Take the lines of the data below from the very first through the line containing "Check out this" and output them exactly, pictures excluded.
*** Data ***
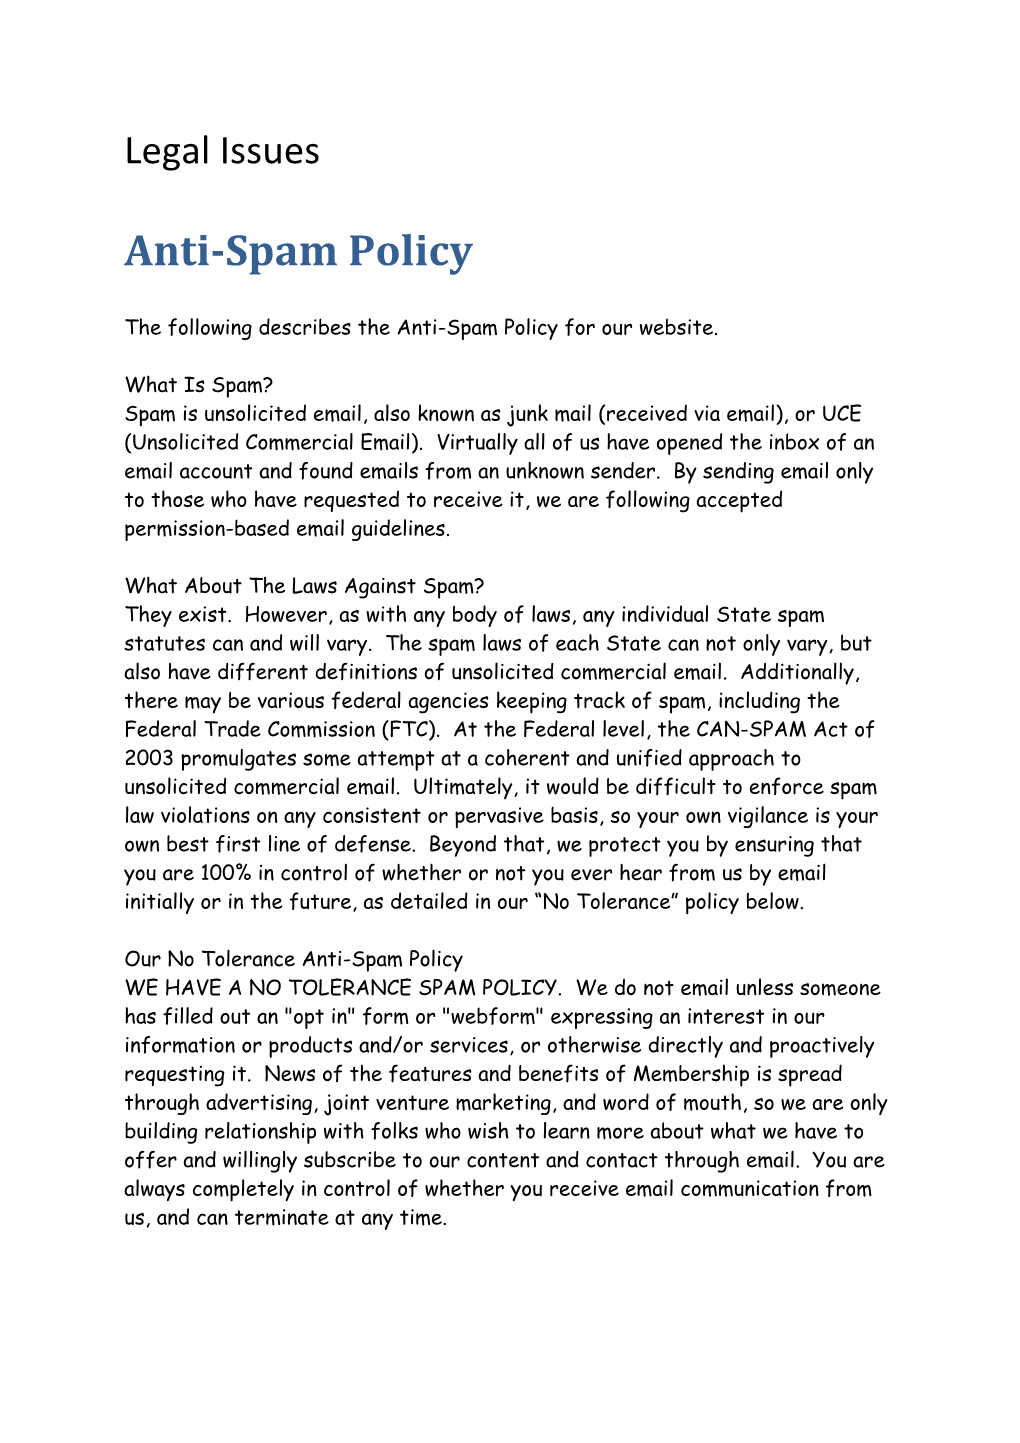 The Following Describes the Anti-Spam Policy for Our Website
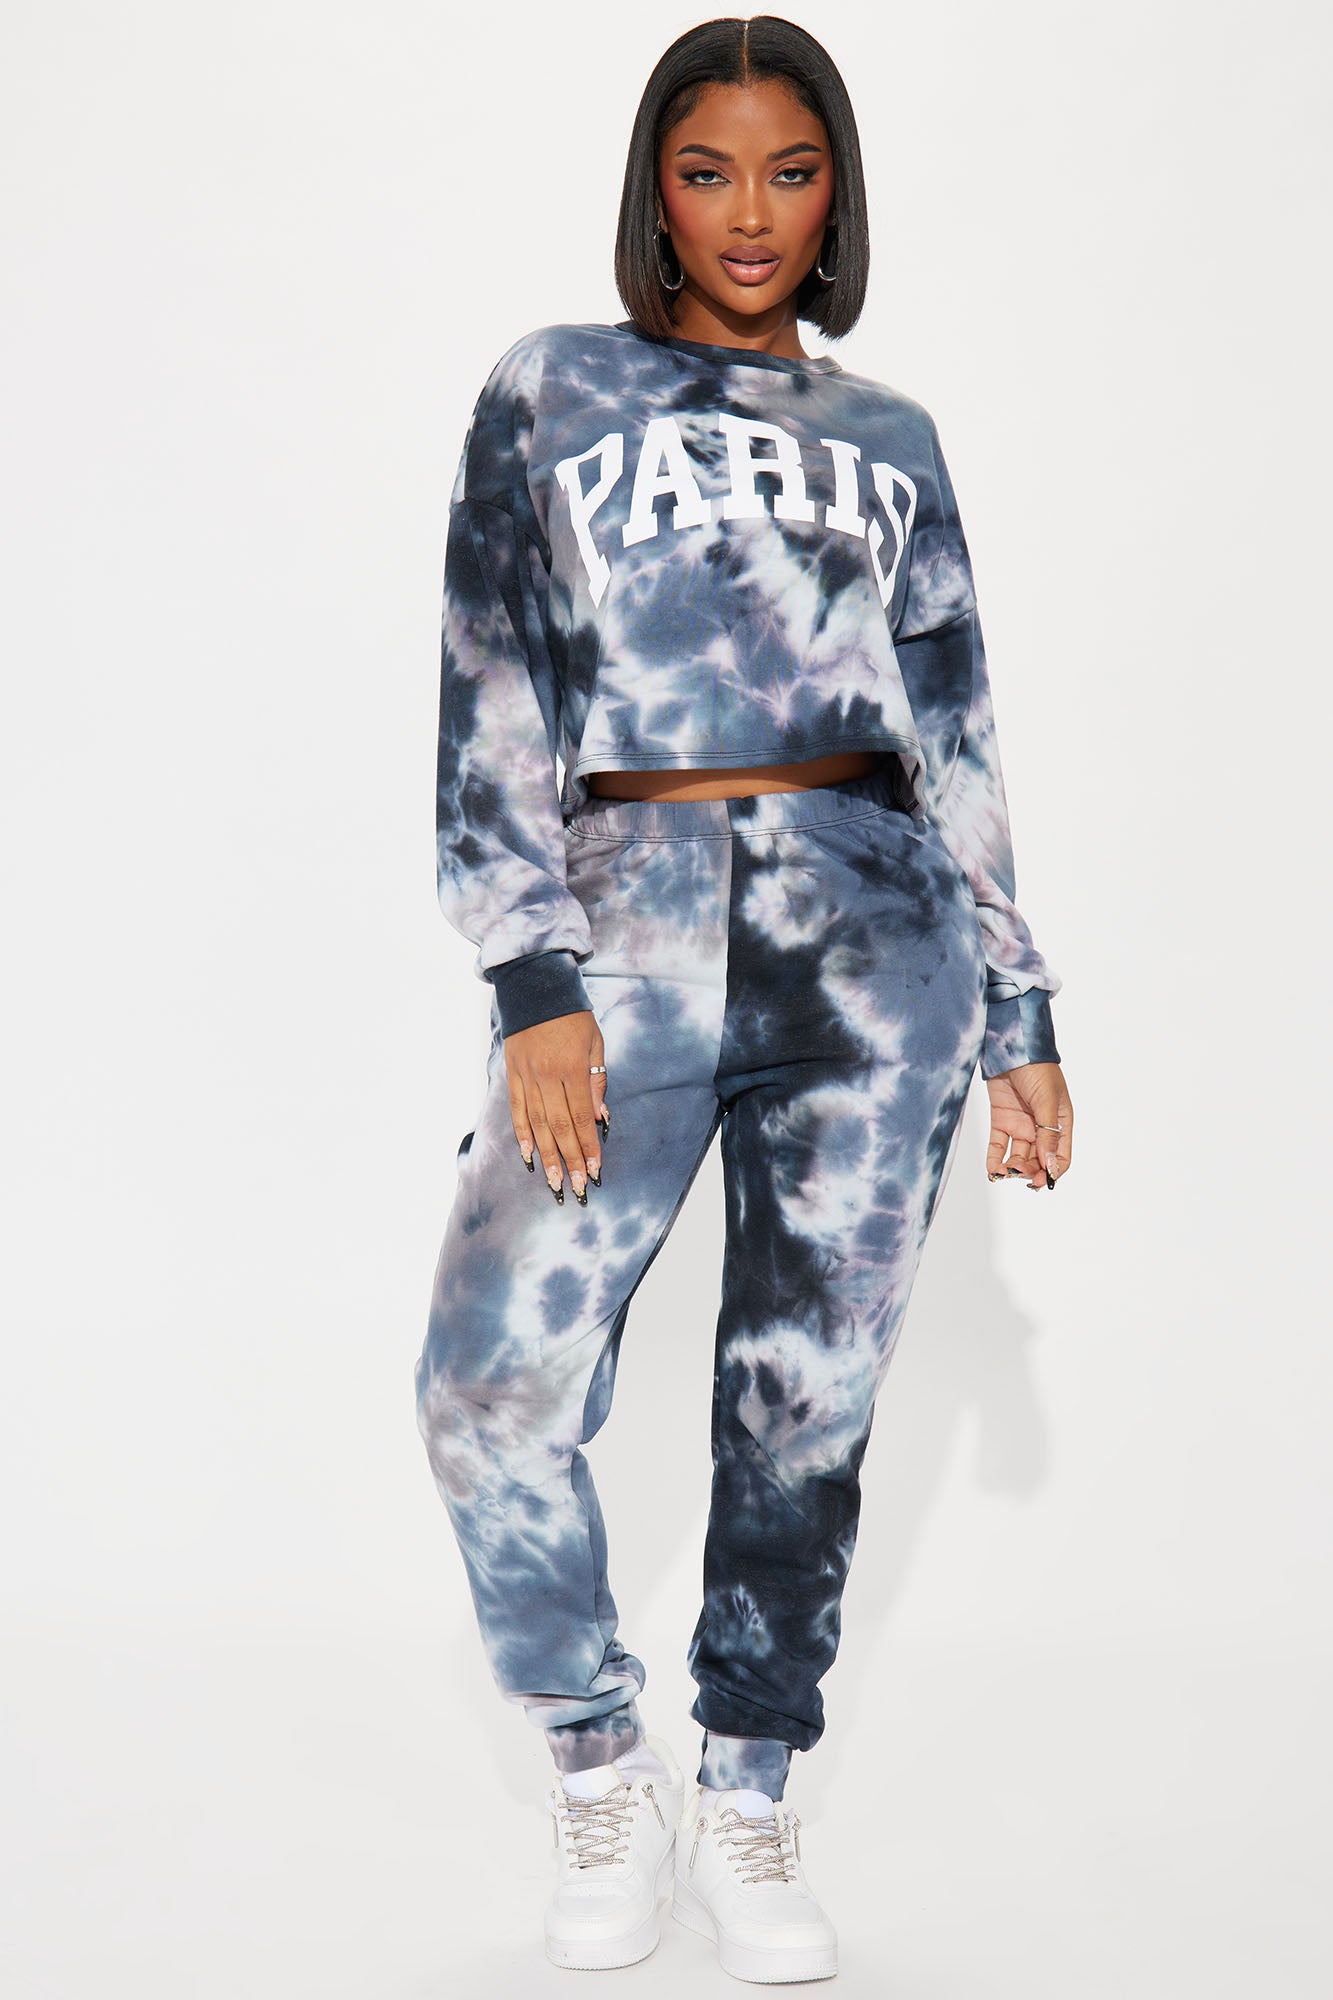 Mocha Tie Dye Jogger Set - Outfit Sets - The Calm and Collected
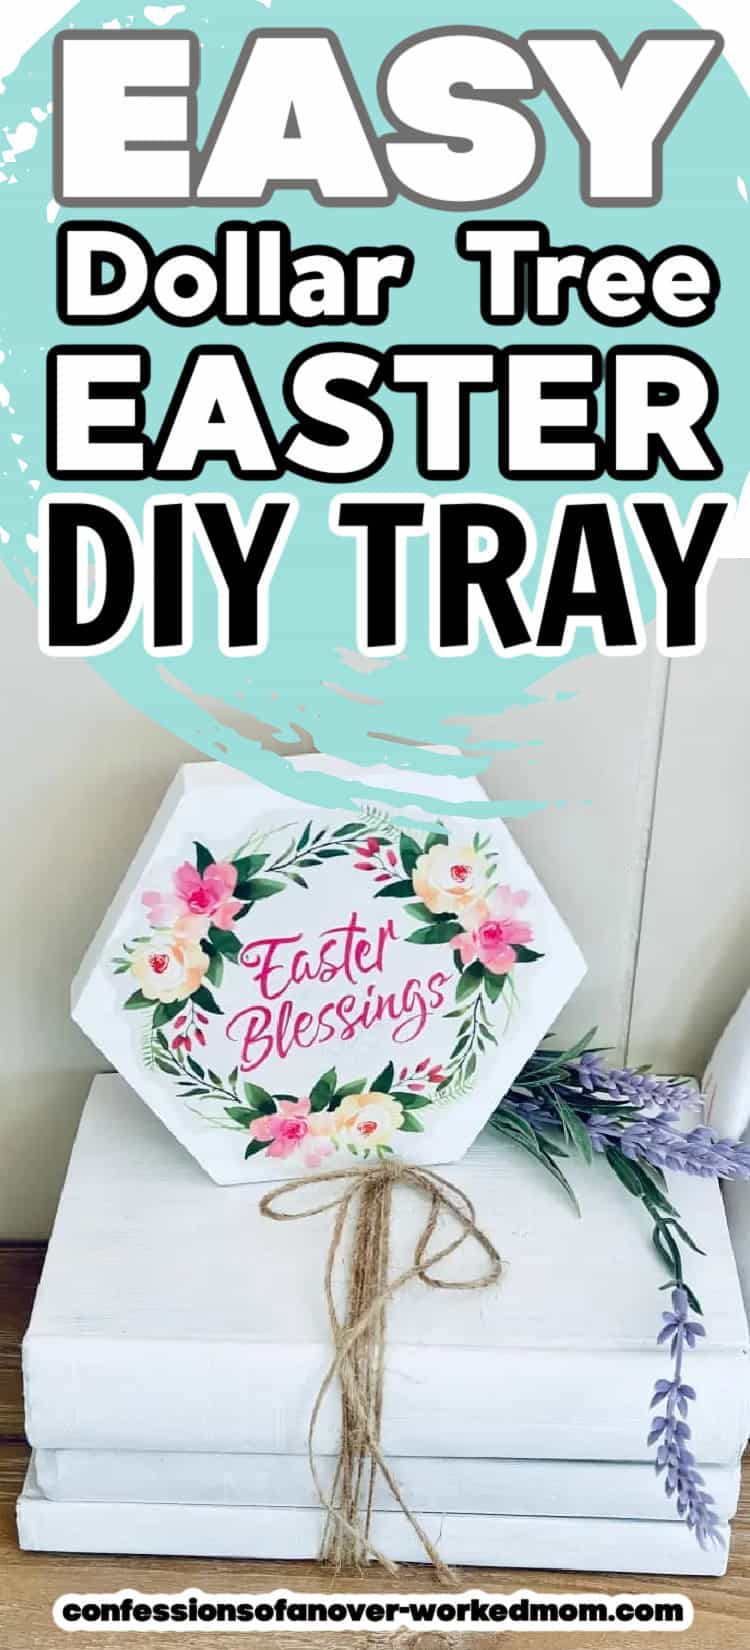 Check out this Dollar Tree Easter DIY! If you are looking for Dollar Tree Easter decorations, make this Blessing Tray with supplies from your local dollar store.
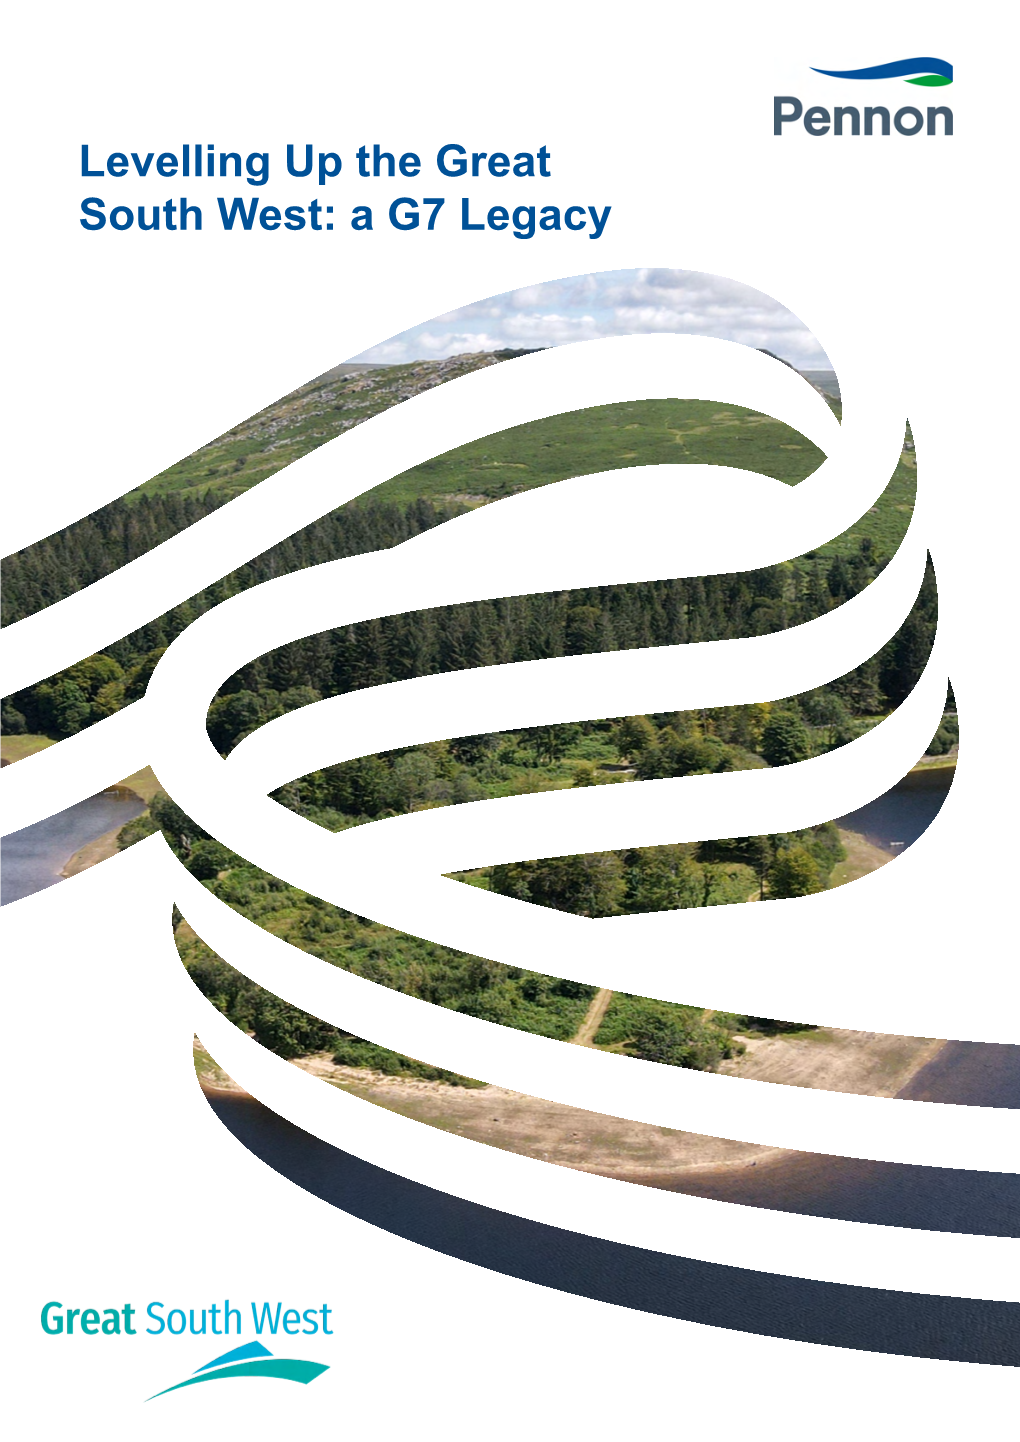 Levelling up the Great South West: a G7 Legacy Contents
*** End of Data ***
Problem solution.
 The Following Describes the Anti-Spam Policy for Our Website
 Mocha Tie Dye Jogger Set - Outfit Sets - The Calm and Collected
 Check out this Dollar Tree Easter DIY! If you are looking for Dollar Tree Easter decorations, make this Blessing Tray with supplies from your local dollar store.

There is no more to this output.